6. End-fed rod antenna in accordance with claim 1 wherein:
at least one of said millimeter-wave transmitting and/or millimeter-wave receiving antenna has a range of transmission and/or reception of approximately 360 135
7. End-fed rod antenna in accordance with claim 1, wherein:
said outer tube is designed as an antenna for the VHF frequency range.
8. An end-fed rod antenna in accordance with claim 1, further comprising:
a mixer frequency wave located in said wave guide;
said mixer coupled to said millimeter wave receiving antenna and to said wave guide for forming an intermediate frequency signal from said mixer frequency wave in said wave guide and said millimeter wave receiving antenna, whereby said intermediate frequency signal is coupled through said coaxial conductor.
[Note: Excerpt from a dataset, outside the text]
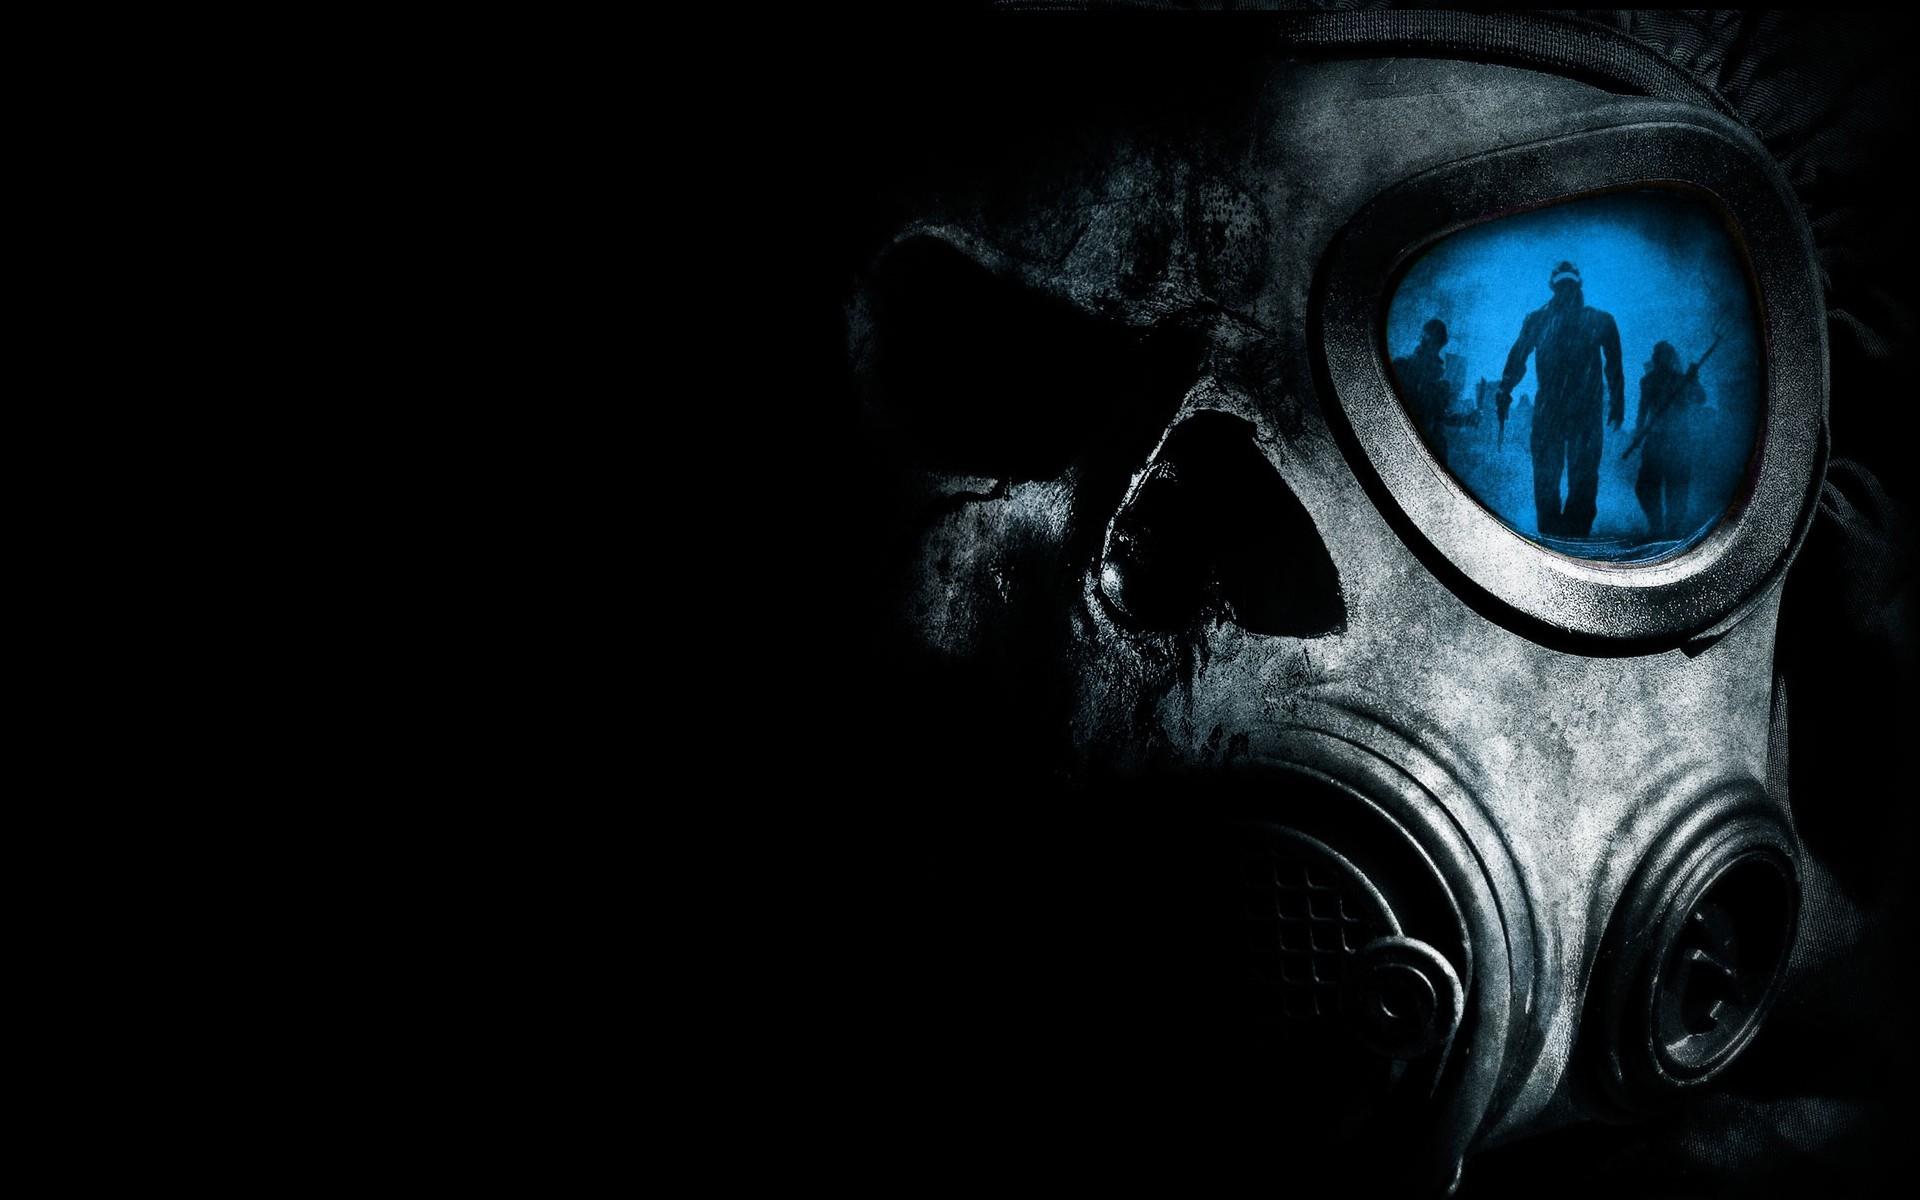 Dishonored 2012 PC game desktop wallpaper

9. An end-fed rod antenna in accordance with claim 8, further comprising:
an additional intermediate frequency amplifier for amplifying said intermediate frequency signal, after being formed by said mixer and before being sent through said coaxial conductor.
10. An end-fed rod antenna in accordance with claim 1, wherein:
said millimeter-wave transmitting and receiving antenna are sized to support millimeter waves in a 60-GHz frequency range.
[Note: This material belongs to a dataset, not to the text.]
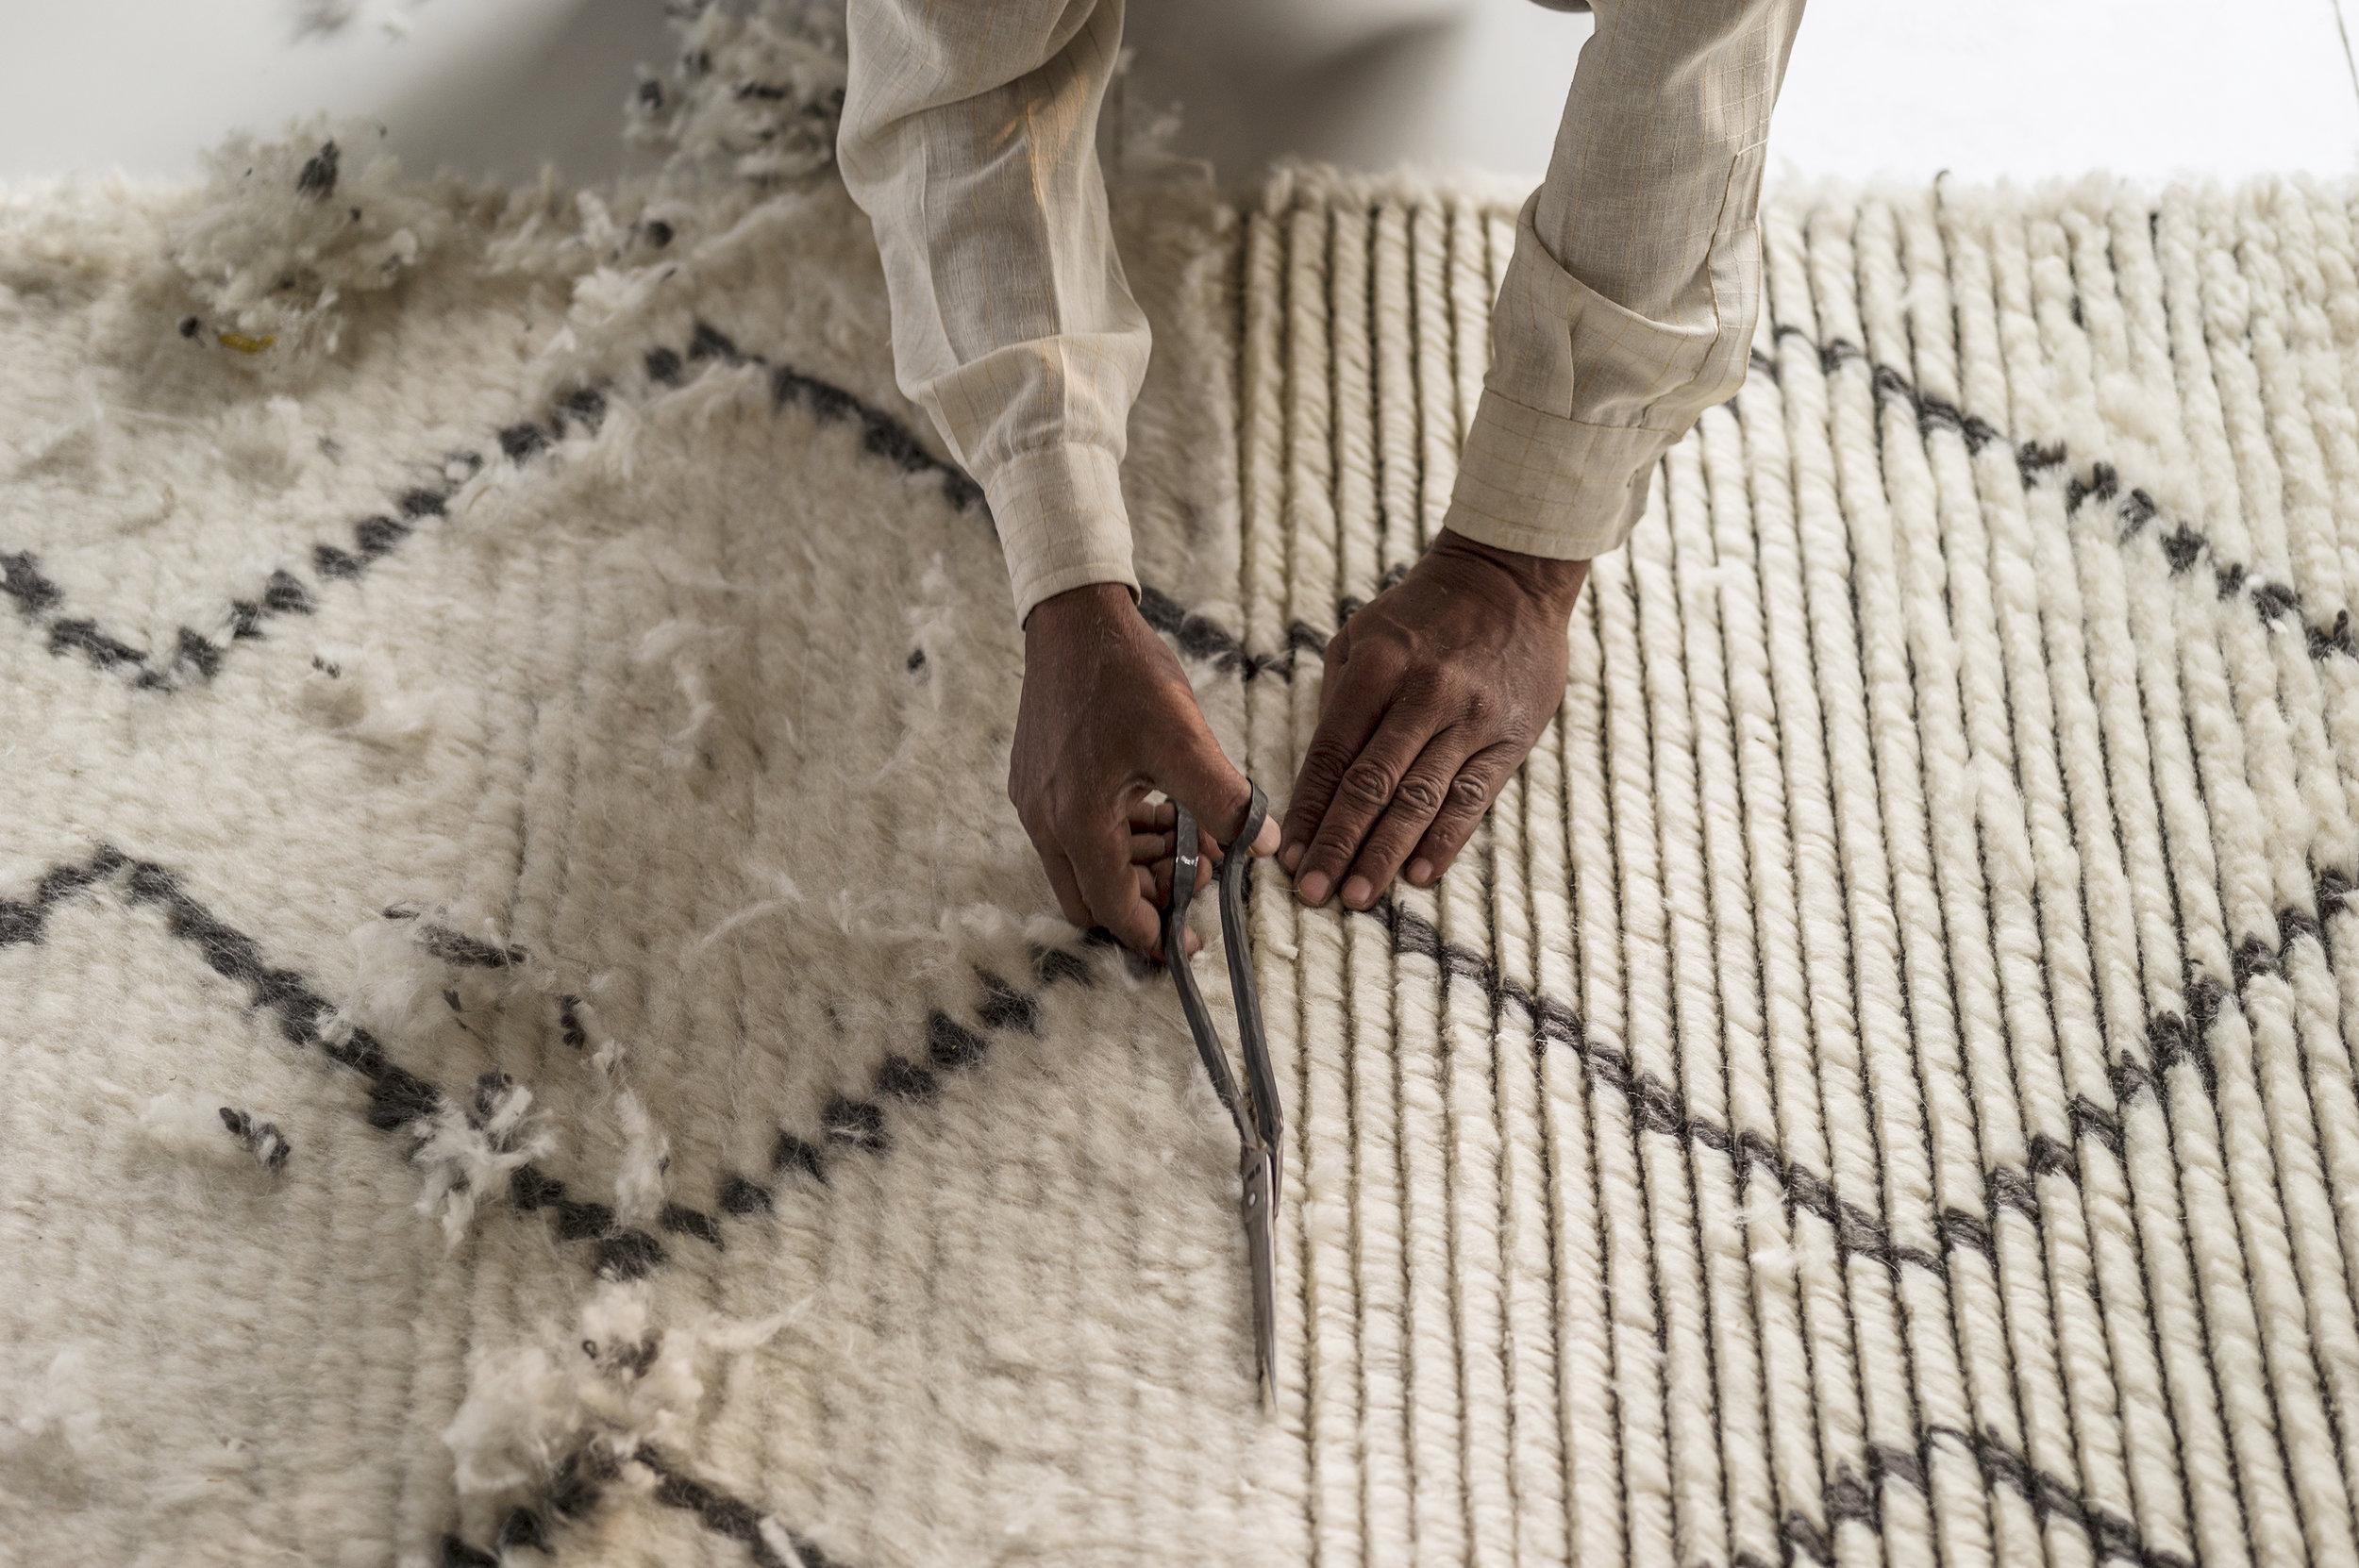 An artisan during the handmade process.

11. An end-fed rod antenna in accordance with claim 9 further comprising:
transmitter-receiver electronic assemblies electrically connected to said wave guide and said coaxial conductor, for propagating millimeter waves into said wave guide to be broadcasted via said millimeter wave transmitting antenna, and for receiving said intermediate frequency from said millimeter wave receiving antenna on said coaxial conductor; and
said outer tube is an antenna for a VHF frequency range.
The present invention relates in general to an antenna for transmitting and receiving electromagnetic waves and in particular to a new and useful antenna able to transmit and receive widely separated frequencies.
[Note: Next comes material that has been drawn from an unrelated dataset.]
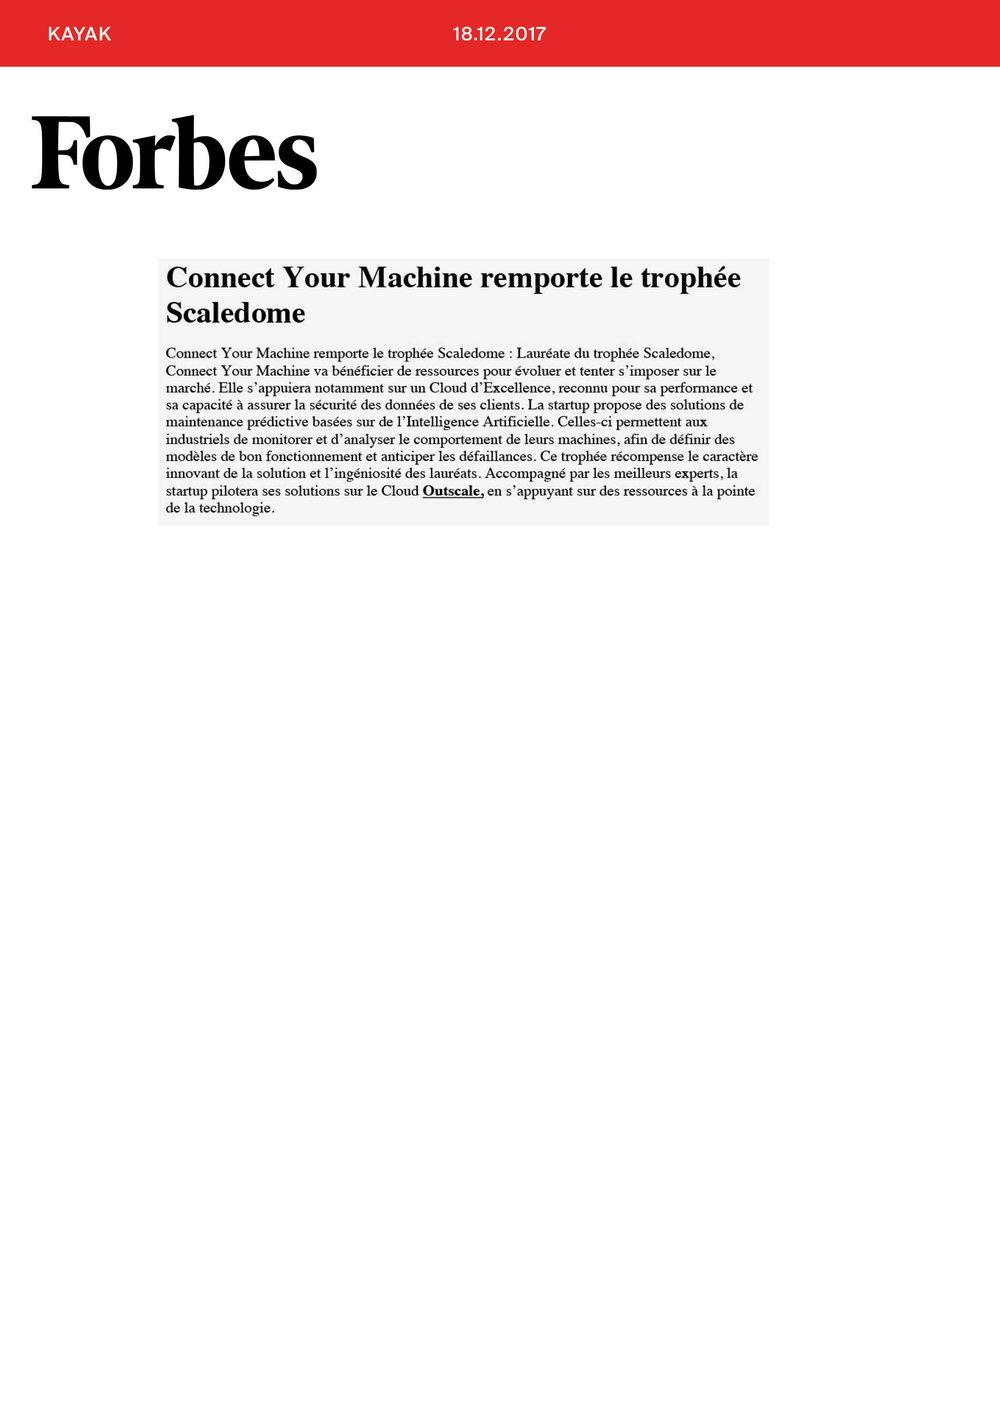 BOOKMEDIA_DEC30.jpg

Such antennas can be used in many different ways, especially for mobile radios. The transmitting and/or receiving stations are designed as mobile units and may be installed, e.g., on or in an automobile. A rod antenna is particularly well suited for such applications.
It is often desirable to transmit and/or receive in a plurality of wavelength ranges. In general, different antennas, which are mounted on a separate mast, are required for this purpose. Especially in mobile radio, such arrangements are disadvantageously uneconomical, susceptible to malfunction, and require much time for maintenance. It is often necessary to operate essentially simultaneously in two greatly different wavelength ranges, e.g., the meter range and the millimeter range. The longer wavelength, here the meter range, is needed for communication over greater distances, while the shorter wavelength is used for communication over shorter distances only. The millimeter range is particularly well suited for the latter, because it has quasioptical propagation properties. The abbreviation mm waves will also be used for millimeter waves below.
The basic task of the present invention is to provide a rod antenna of the class specified, which is suitable for a plurality of wavelength ranges, one of which is the millimeter range.
The antenna is an end-fed rod with an inner wave guide and an outer coaxial wave guide. At the tip of the antenna, opposite the feed end, is a millimeter-wave transmitter antenna and spaced along the upper half are millimeter-wave receiving antennas. Millimeter waves are fed at the base of the antenna into the inner wave guide, and then sent to the millimeter-wave transmitter antenna at the tip end for broadcasting. Millimeter-waves received by the receiving antennas are converted to IF-frequencies and sent down the outer coaxial wave guide. The metalized surface of the outer wave guide can also be used as an antenna for much larger meter range wave lengths.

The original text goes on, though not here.